Marlon Brando incarne un homme maléfique dans ce conte pervers se situant avant les événements paranormaux racontés dans Les Innocents…
THE NIGHTCOMERS
1971 – GB
Réalisé par Michael Winner
Avec Marlon Brando, Stephanie Beacham, Thora Hird, Harry Andrews, Verna Harvey, Christopher Ellis
THEMA ENFANTS
Sulfureuse, subversive et ouvertement malsaine, cette œuvre britannique est conçue comme une « préquelle » du fameux roman d’Henry James « Le Tour d’Ecrou », dont la plus célèbre adaptation cinématographique fut Les Innocents de Jack Clayton, en 1961. Un an avant Le Parrain, Marlon Brando incarne ici l’un des rôles les plus étonnants et les plus injustement méconnus de sa prolifique carrière. Malgré sa réputation d’acteur « difficile », Michael Winner a toujours affirmé s’être fort bien entendu avec Brando, refusant poliment certaines de ses demandes excentriques (comme réécrire tout le scénario pendant le tournage) et le poussant même dans ses retranchements pour obtenir certaines performances (l’une de ses scènes fut ainsi tournée alors qu’il était totalement ivre). Nimbé d’une déliquescente duplicité, affublé d’un accent irlandais qui rend ses répliques à peine intelligibles, le futur Don Corleone de Francis Coppola incarne Peter Quint, palefrenier et homme à tout faire d’une grande propriété victorienne dont les propriétaires viennent de mourir, laissant derrière eux deux jeunes orphelins, Miles (Christopher Ellis) et Flora (Verna Harvey). Ces derniers sont confiés aux bons soins de la perceptrice Miss Jessel, incarnée par Stephanie Beacham, future héroïne de Dracula 73, après que Jennie Linden ait refusé un rôle aussi peu orthodoxe.
Mais c’est auprès de Quint que Miles et Flora découvrent toutes les expériences que les adultes camouflent d’ordinaire aux enfants. Ils apprennent ainsi les mystères de la vie, de la mort, de l’amour et de la haine, à travers cet homme à la moralité douteuse et aux penchants cruels. Peu à peu corrompus, les têtes blondes parachèvent ce douteux apprentissage en assistant aux ébats violents et sadomasochistes de Quint avec Miss Jessel.

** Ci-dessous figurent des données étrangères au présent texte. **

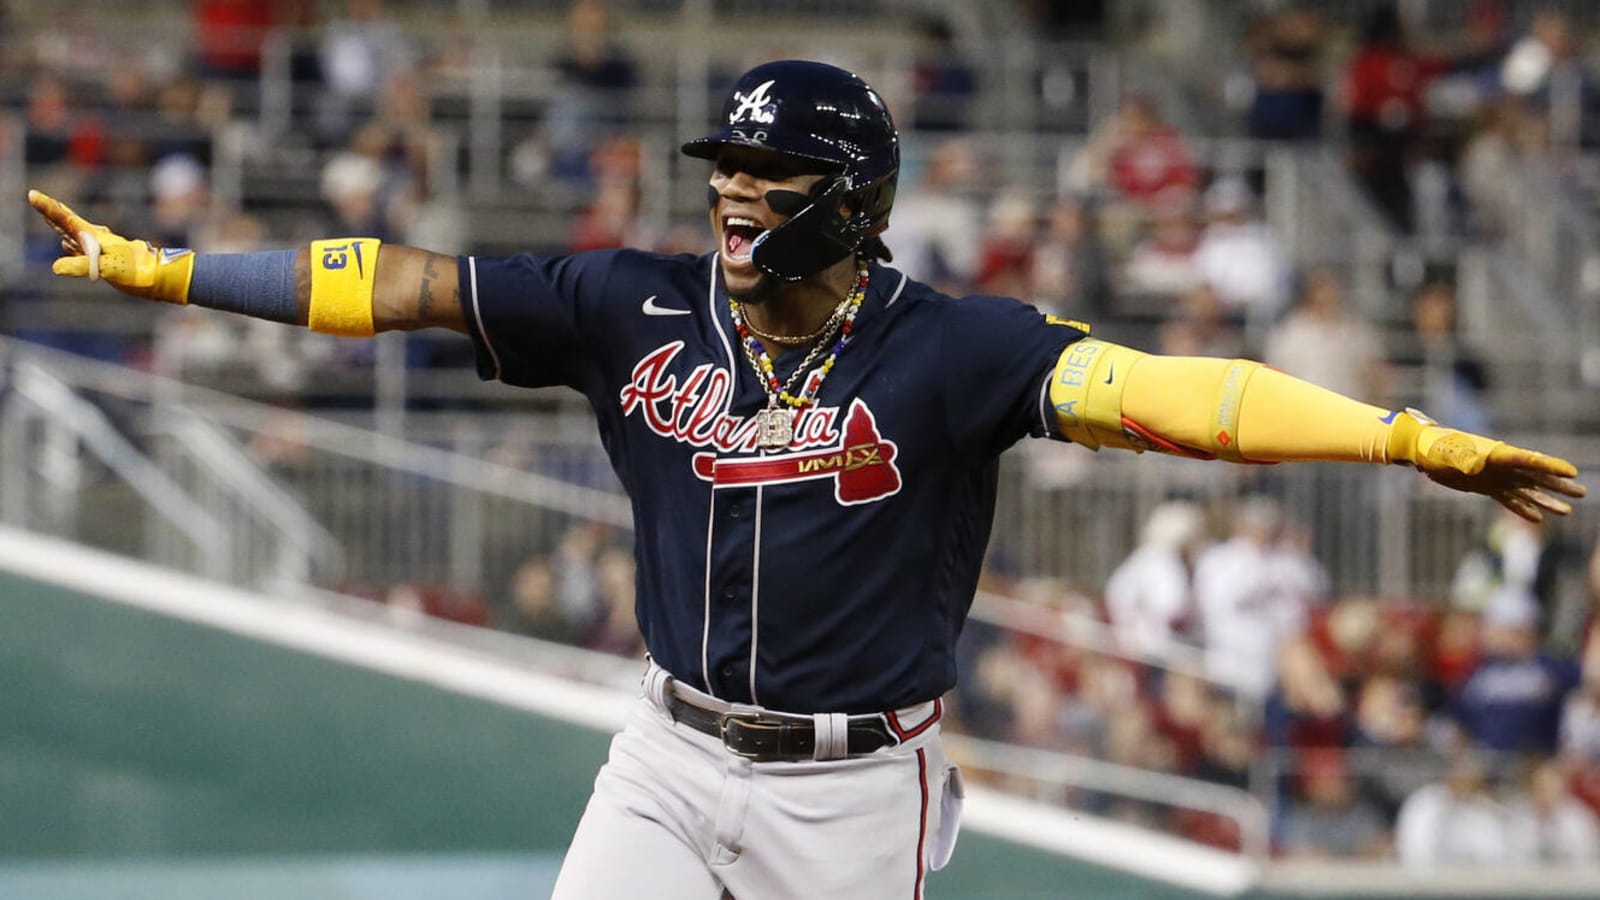 Ronald Acuña Jr. joins exclusive 40-40 club with 40th home run of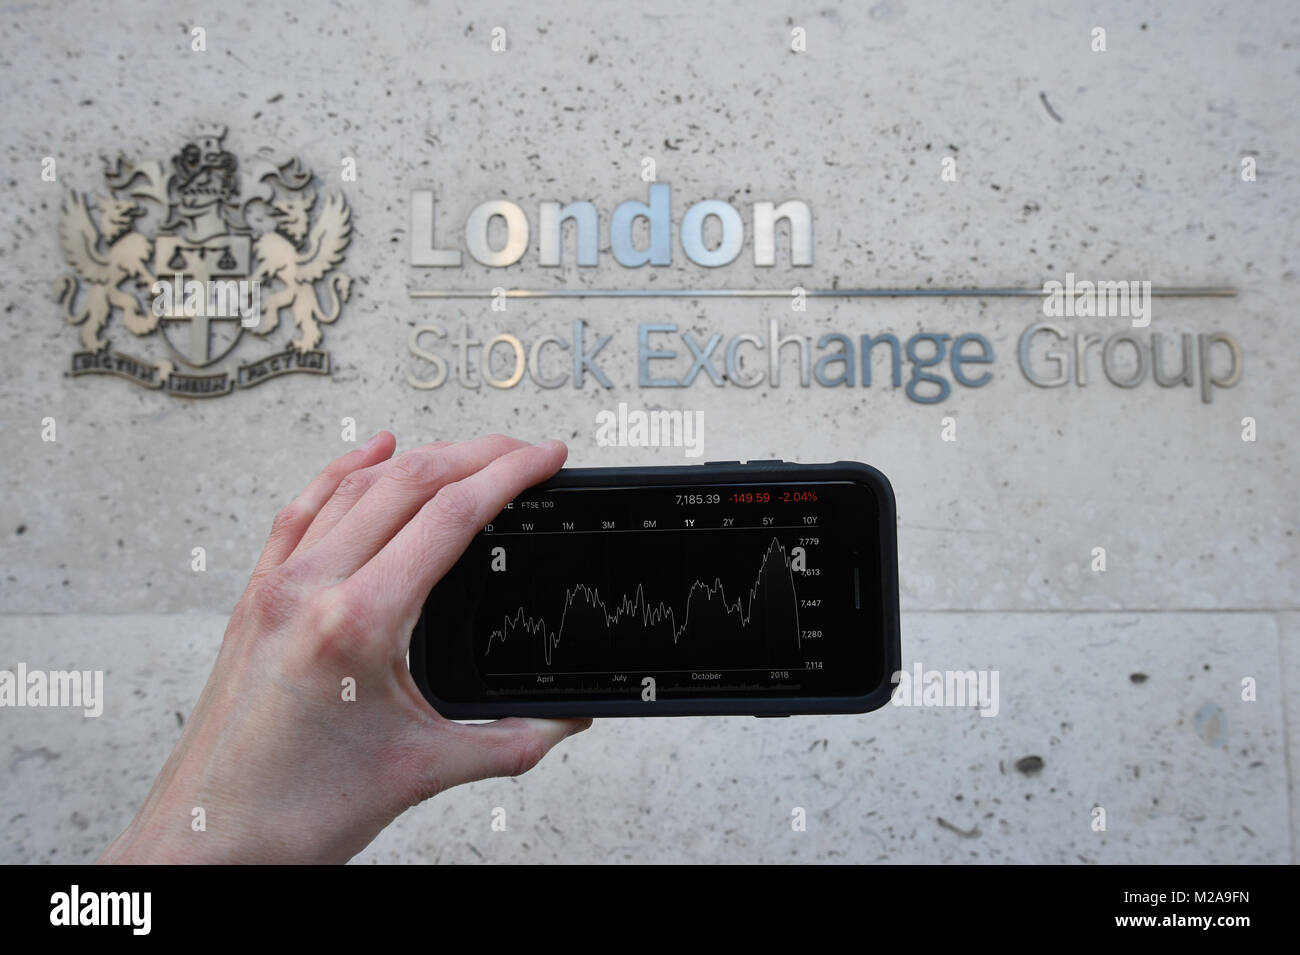 A view of the Stocks app on an iPhone against the London Stock Exchange sign in the City of London, as the FTSE 100 Index crashed on opening by more than 230 points to 7,104.94 as inflation fears continue to rock global markets. Stock Photo

Miles et Flora s’amusent alors à recréer dans leur chambre à coucher les expériences érotiques de la perceptrice et du palefrenier, sous les yeux épouvantés de la vieille gouvernante de la maison, Madame Grose (Thora Hird), qui décide de faire renvoyer Quint et Jessel. Incapables d’empêcher cette irrévocable décision, perdant toute notion du bien et du mal, nos charmants bambins se mettent alors en tête de permettre aux amants de rester liés pour l’éternité… en les tuant !
Le parrain du mal
Ainsi, dans Le Corrupteur, le mal s’immisce progressivement, tel un virus, et gagne peu à peu l’esprit malléable des deux enfants. Mais l’œuvre de Michael Winner est surtout une fronde lancée contre les institutions rigoristes et aristocratiques, propices au développement des perversités de Peter Quint dont il sera l’ultime victime. Tous parfaits, les comédiens servent à merveille ce scénario audacieux, qui souffre tout de même d’un rythme un peu languissant, en accord il est vrai avec la triste campagne anglaise embrumée dans laquelle se traîne l’intrigue. Le Corrupteur reçut un accueil des plus mitigés au moment de sa sortie, dans la mesure où les amateurs du roman d’Henry James et du film de Jack Clayton ne souhaitaient pas qu’on leur montre de manière aussi explicite les événements précédant ceux décrits dans « Le Tour d’Ecrou ». Le mystère et le travail d’imagination du lecteur/spectateur étaient en effet très sollicités dans l’œuvre initiale. Or Winner n’en a cure ici, ce qui n’ôte rien aux qualités formelles de son film.